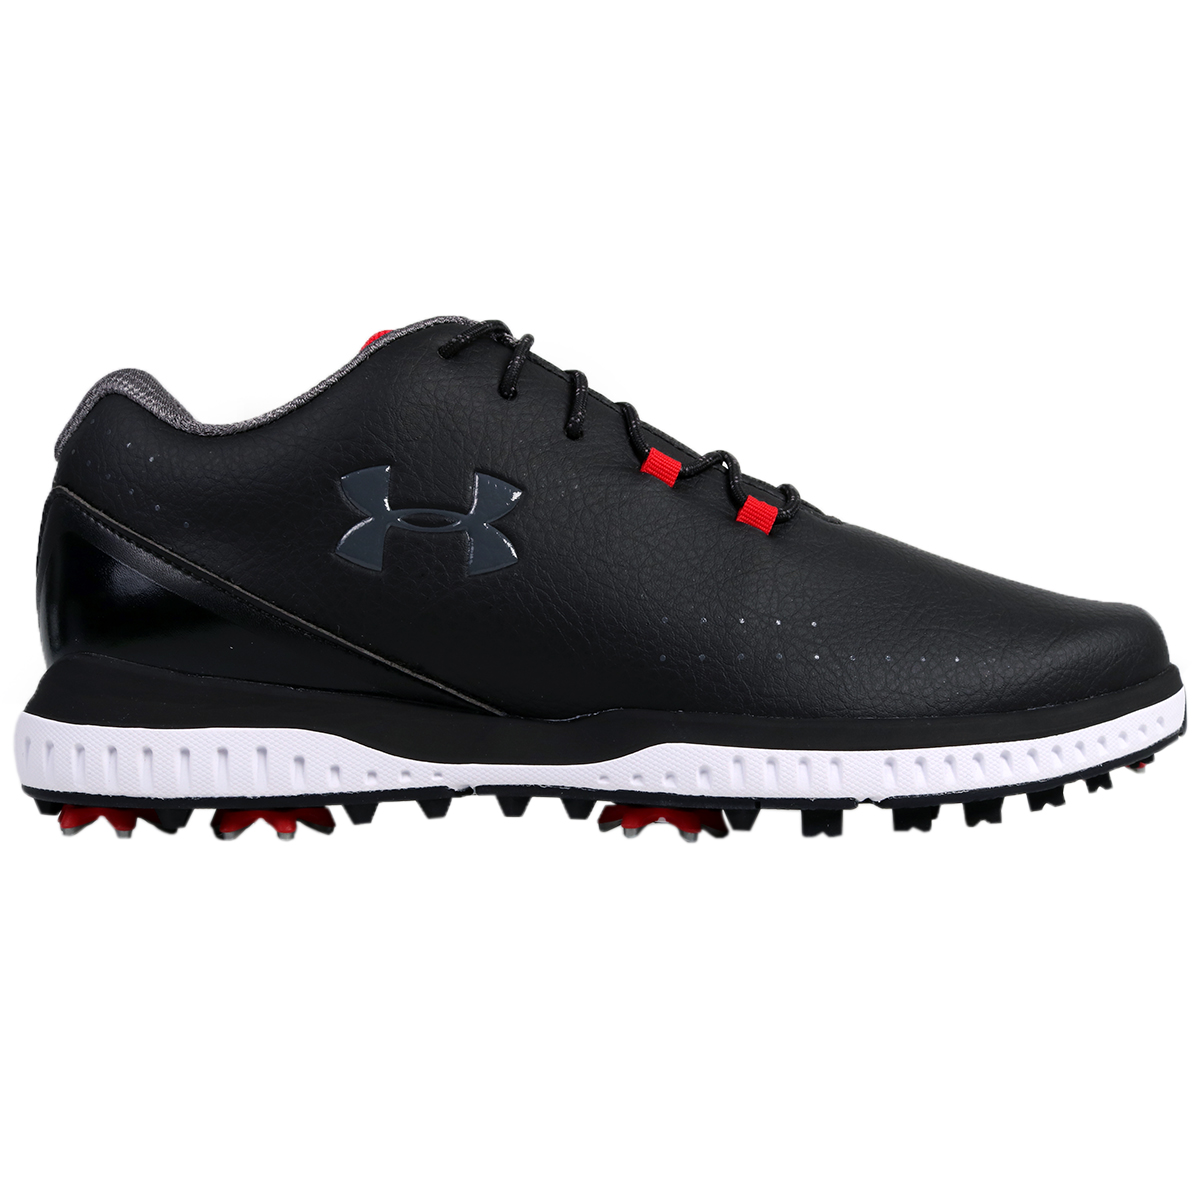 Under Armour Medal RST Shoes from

==

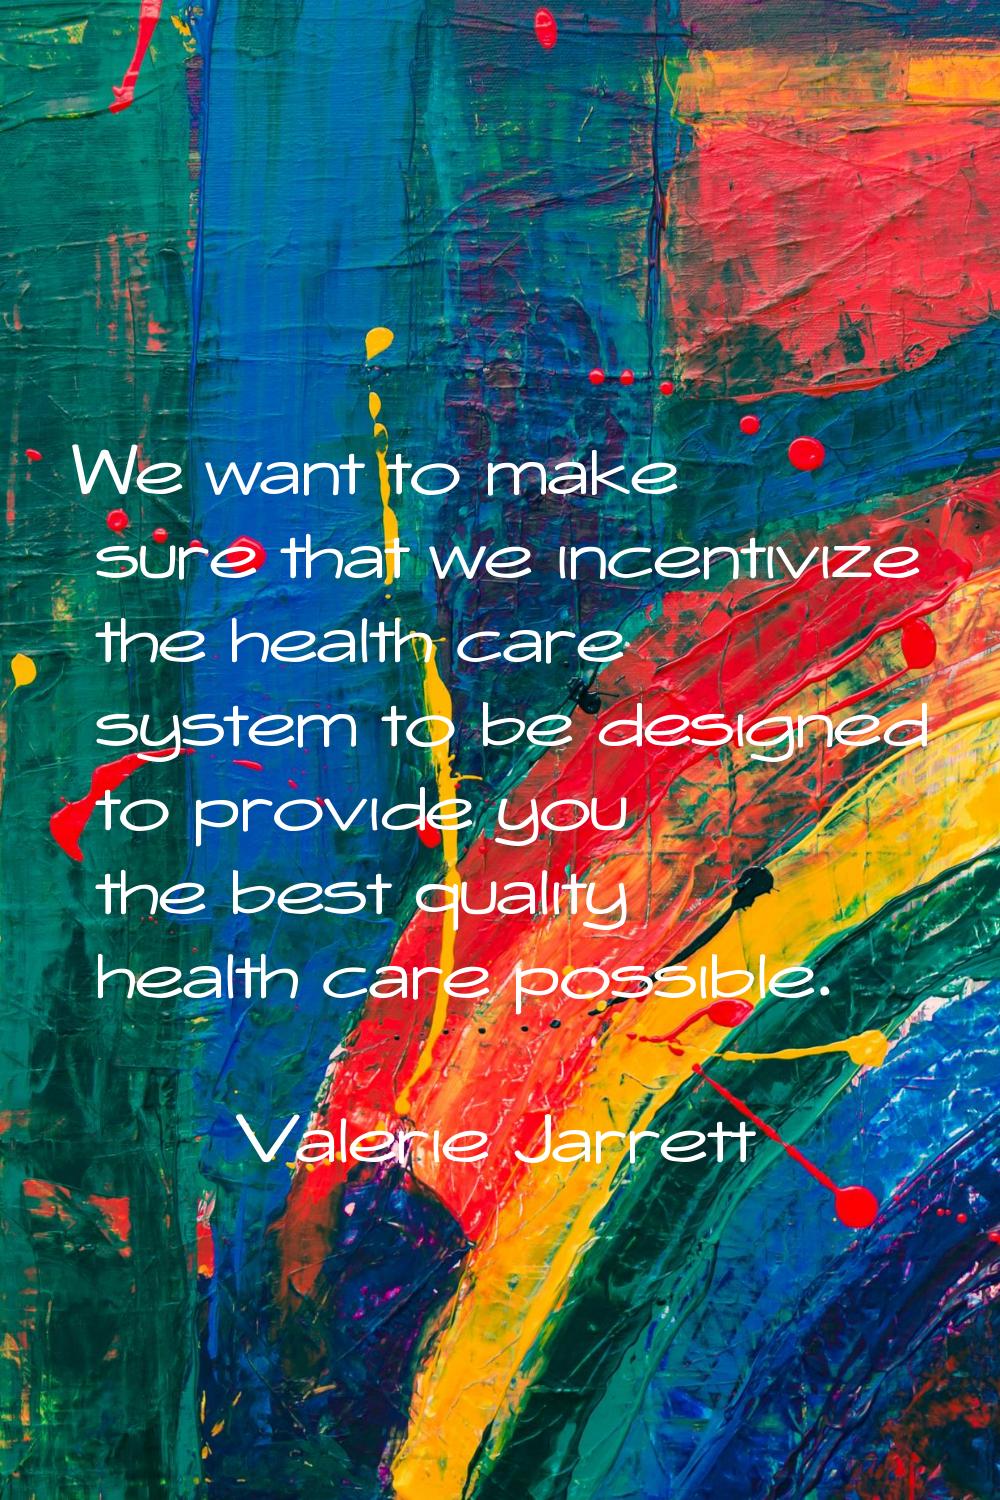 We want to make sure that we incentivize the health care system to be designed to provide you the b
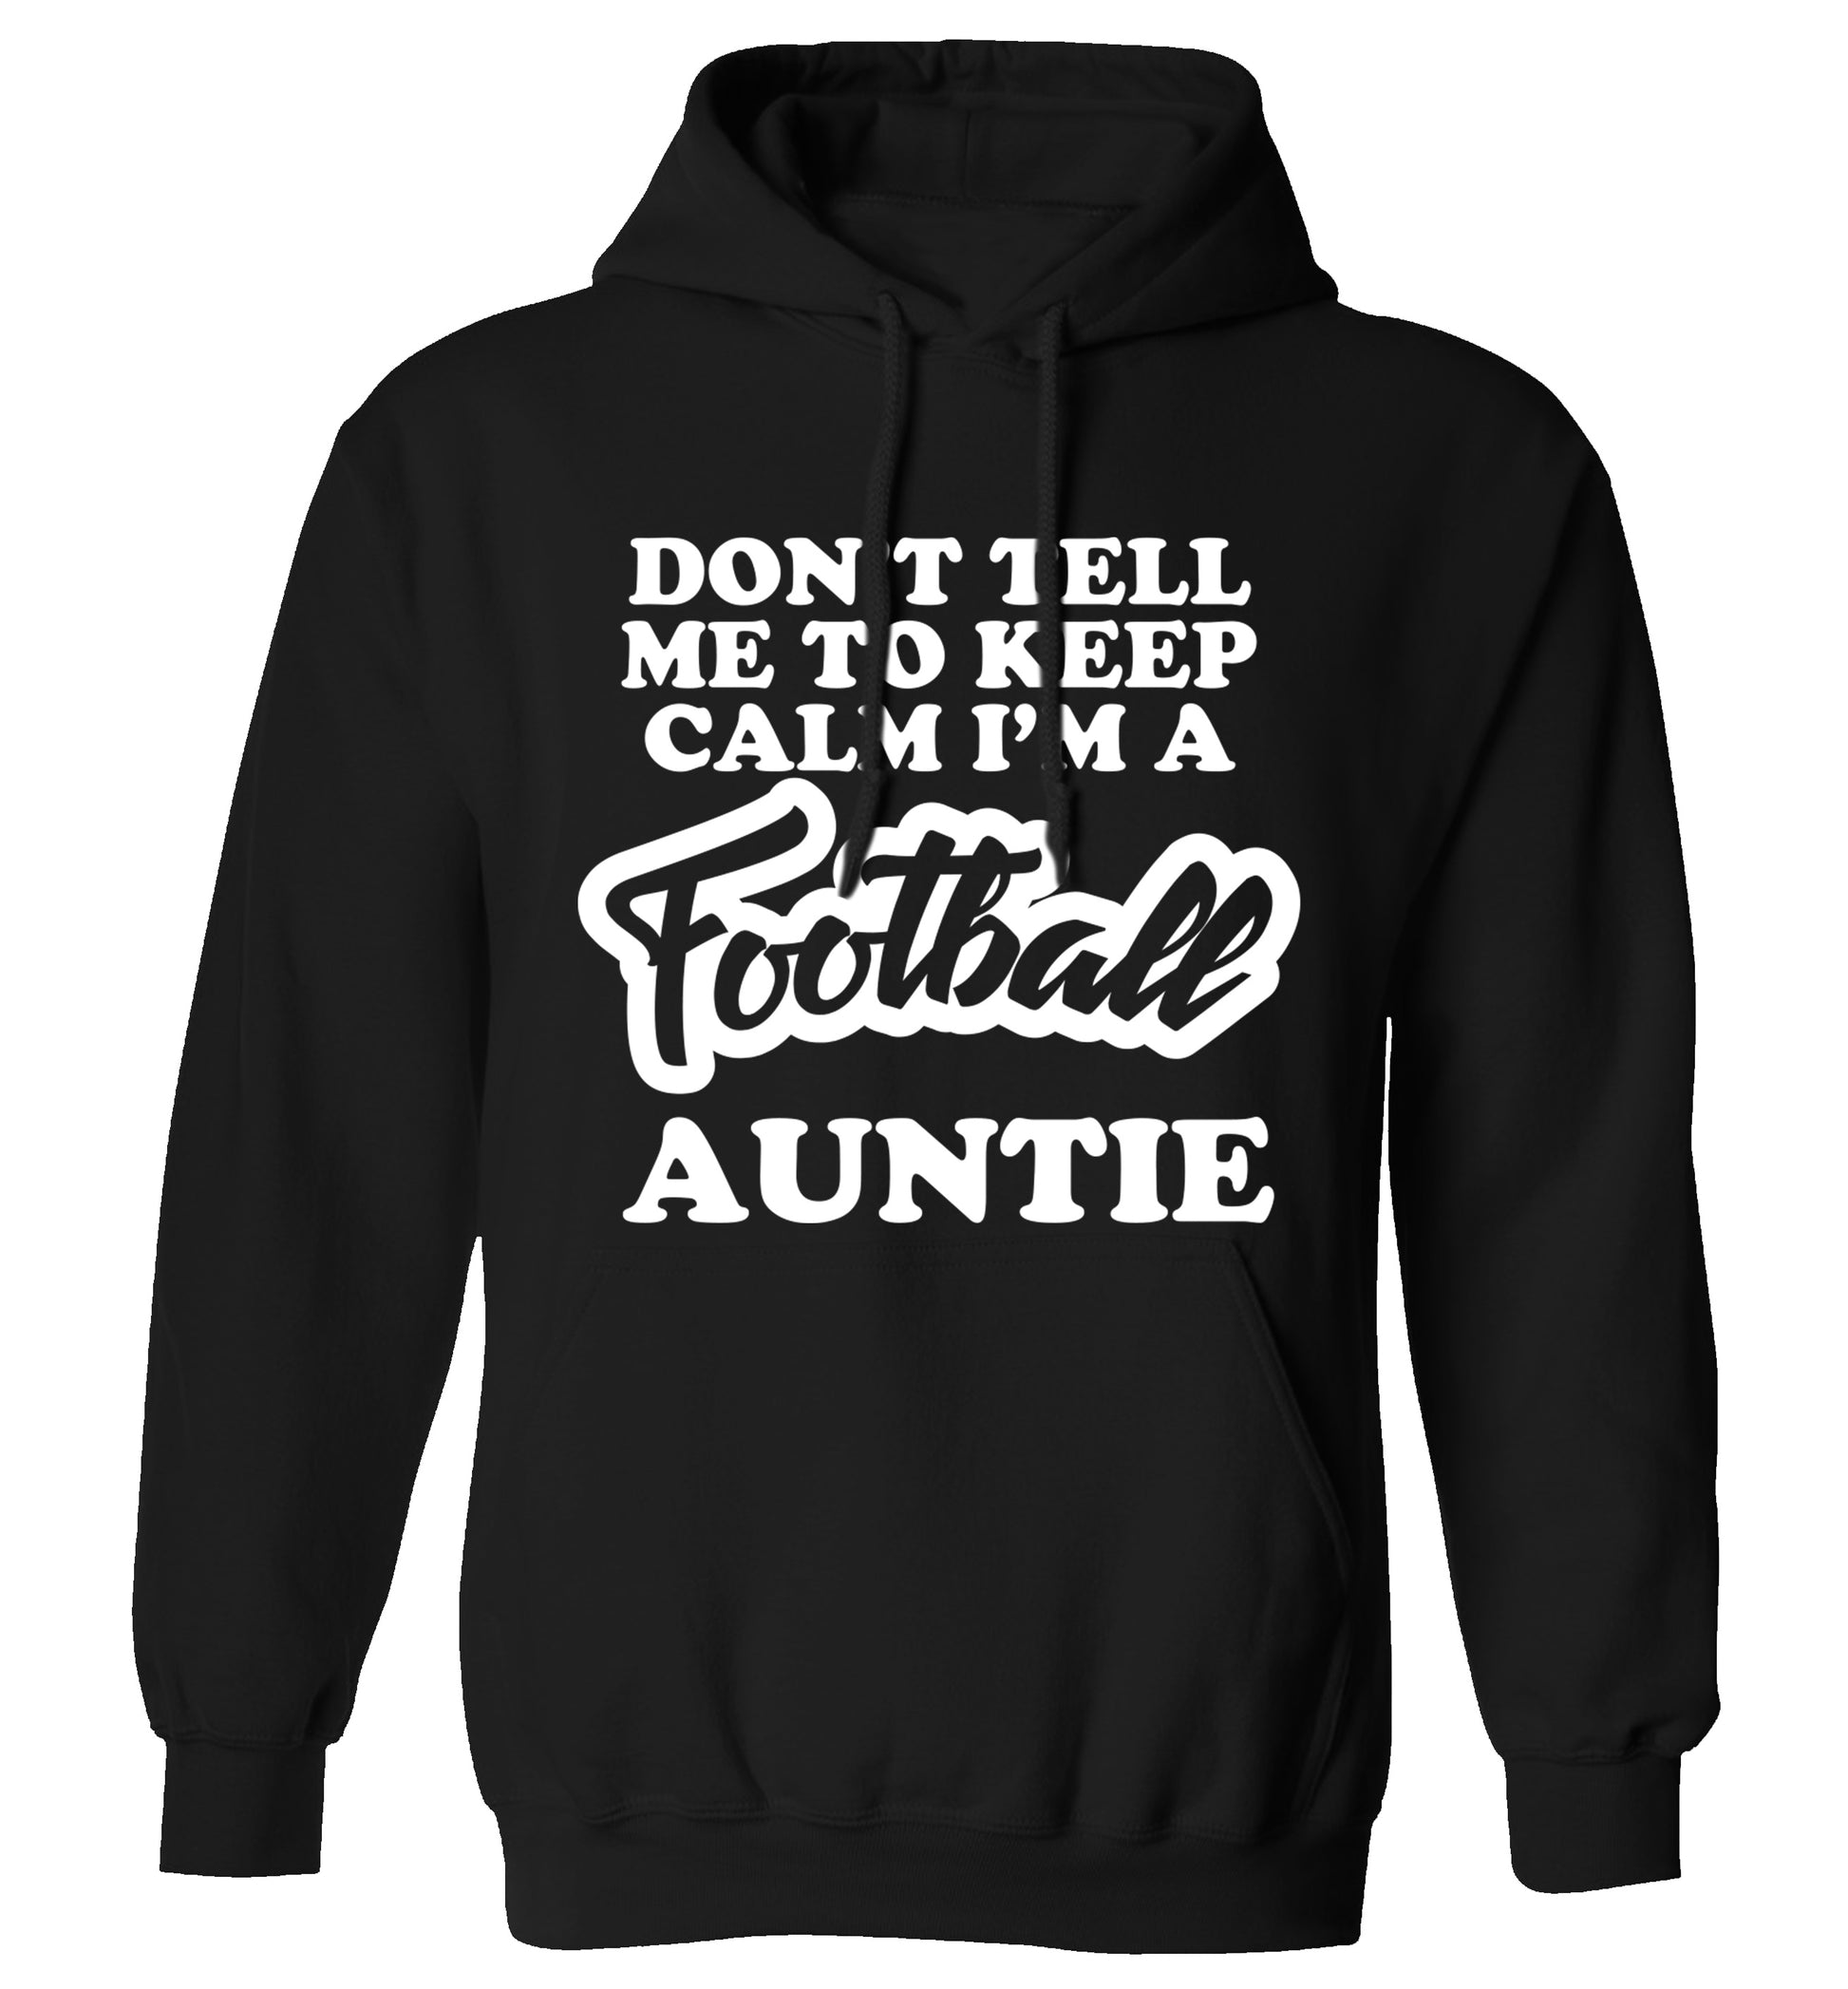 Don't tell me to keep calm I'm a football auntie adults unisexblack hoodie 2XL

TASK DESCRIPTION:
Transcribe only this stretch of the data: the line with "We want to make", the line with "Don't tell me", and every line in between. Leave out the pictures.

THE ANSWER:
 We want to make sure that we incentivize the health care system to be designed to provide you the b
 Don't tell me to keep calm I'm a football auntie adults unisexblack hoodie 2XL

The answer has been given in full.